> Task requirements:
Would you please return the data below verbatim, without its pictures?

> Information provided:
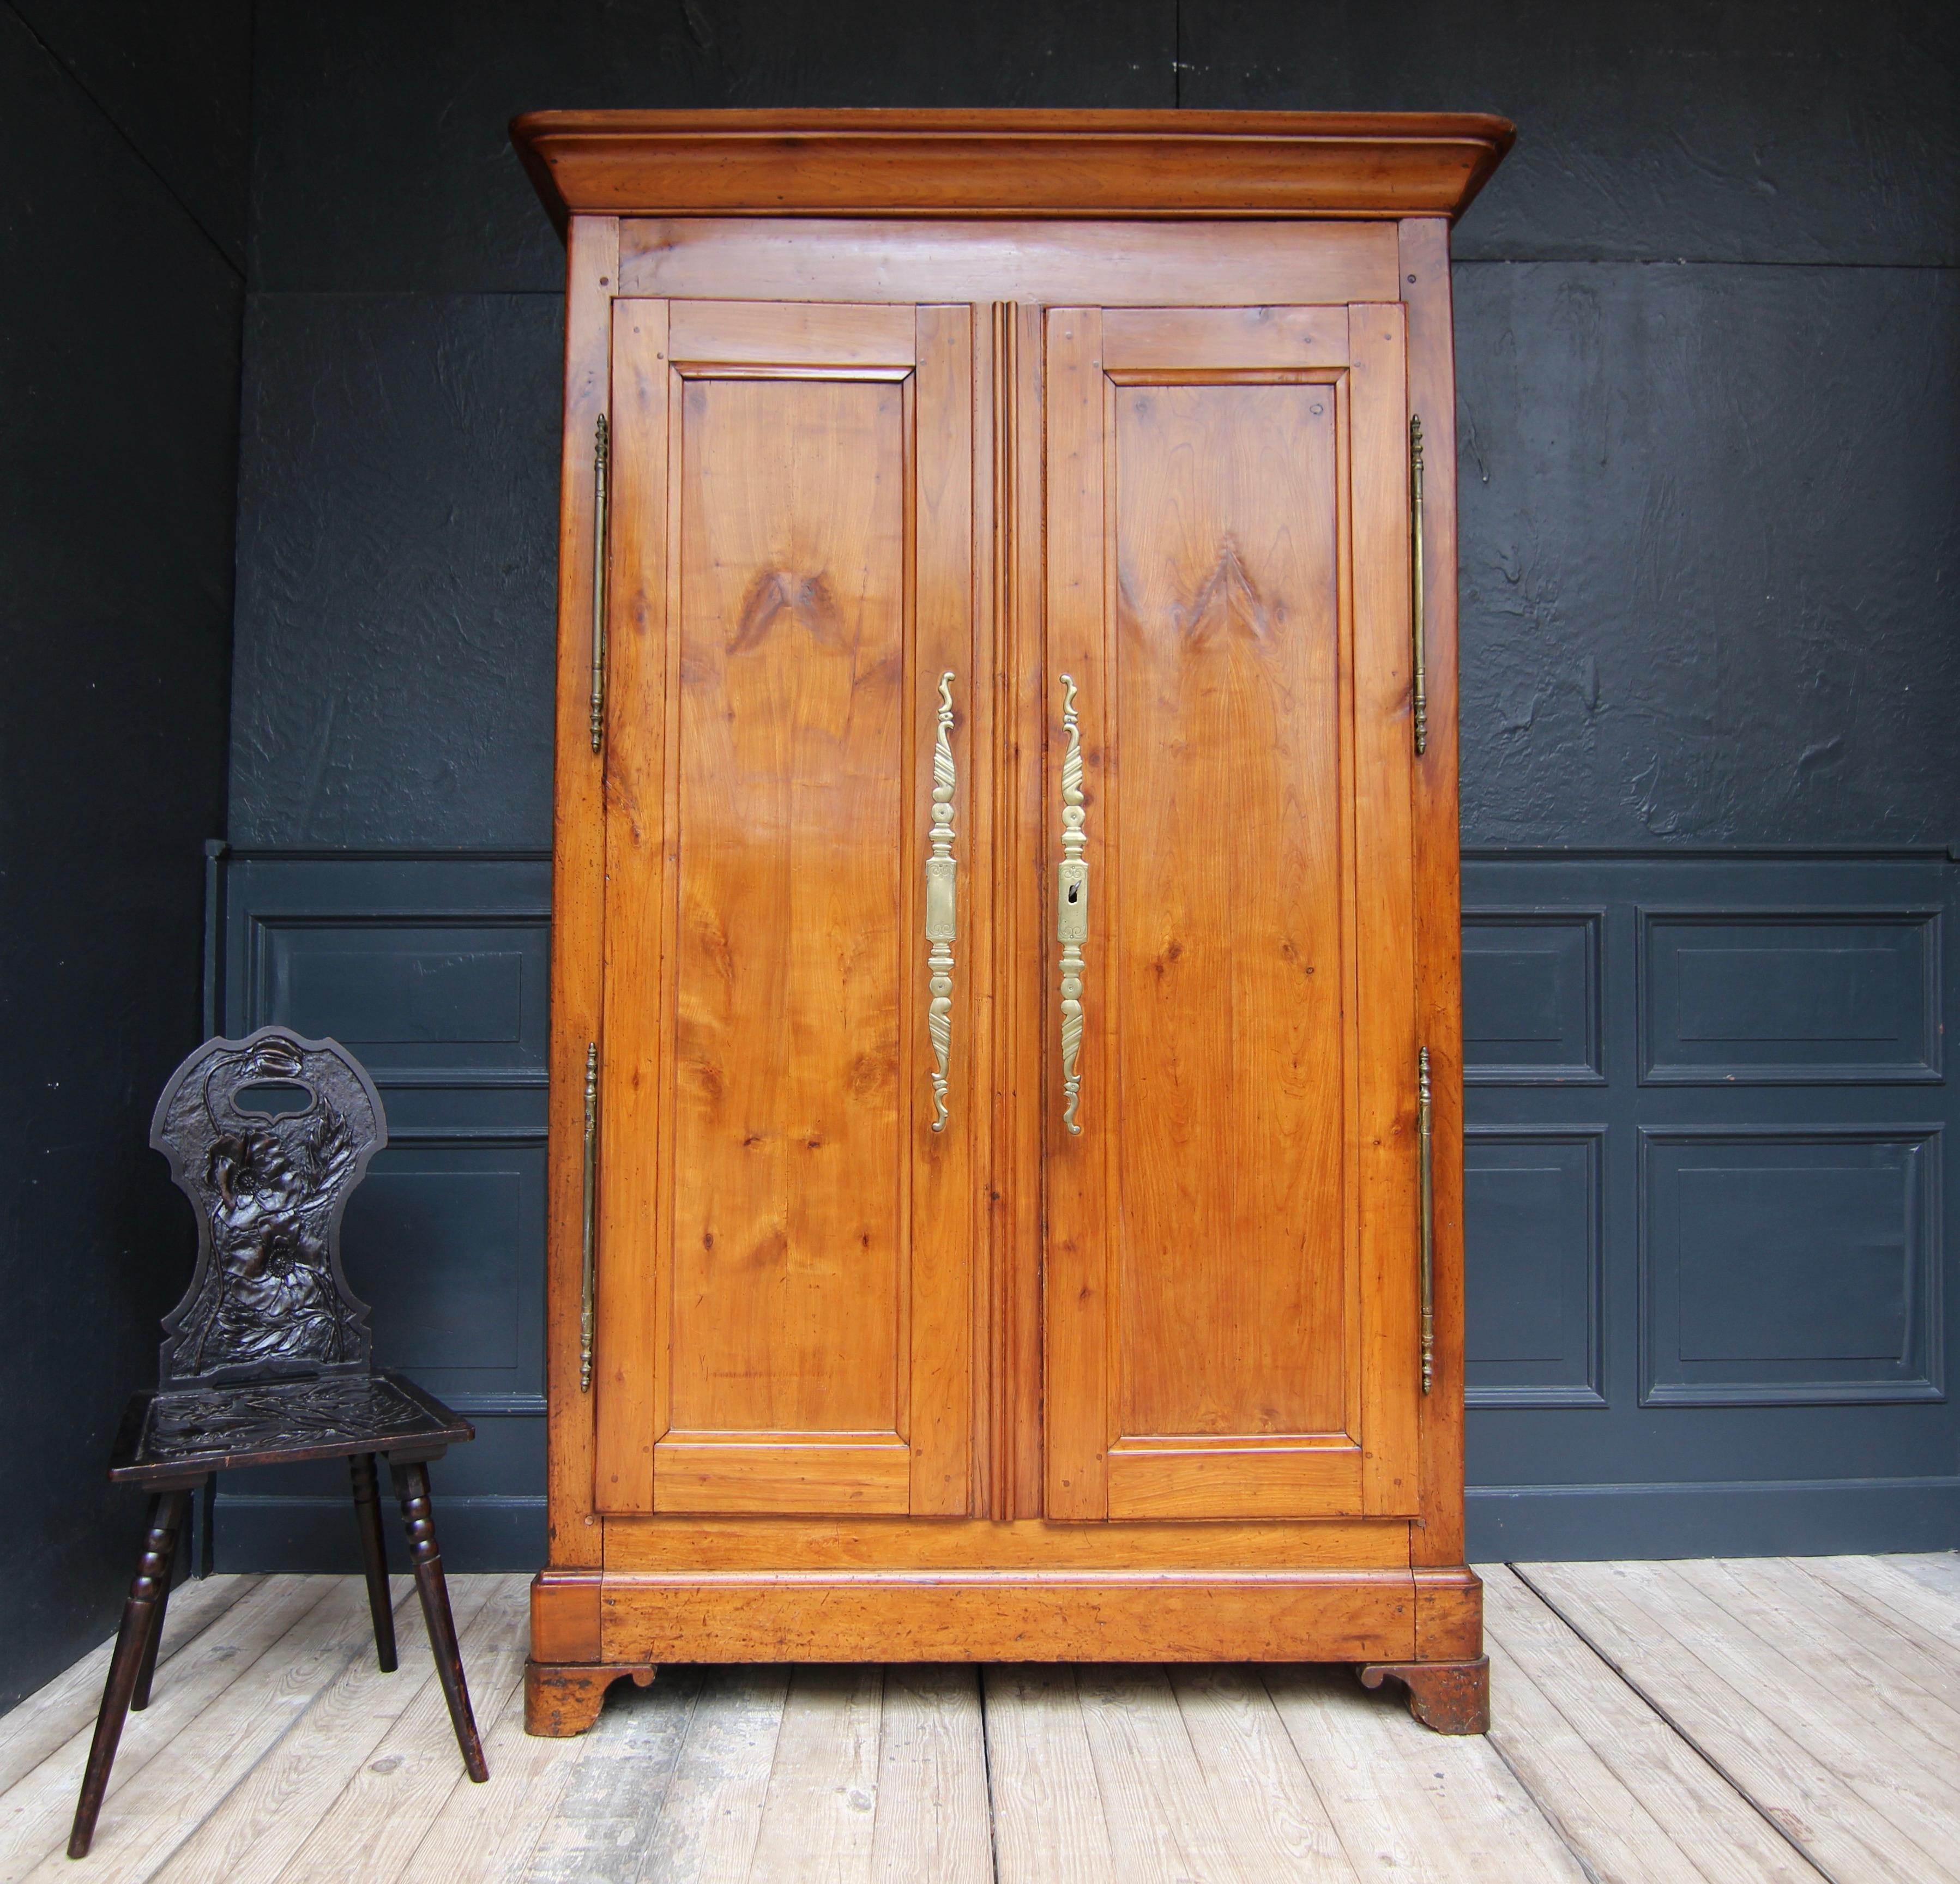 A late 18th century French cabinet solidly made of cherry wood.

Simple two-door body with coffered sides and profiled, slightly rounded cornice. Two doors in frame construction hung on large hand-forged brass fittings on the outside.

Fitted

> Solution to the problem:
 A late 18th century French cabinet solidly made of cherry wood.

Simple two-door body with coffered sides and profiled, slightly rounded cornice. Two doors in frame construction hung on large hand-forged brass fittings on the outside.

Fitted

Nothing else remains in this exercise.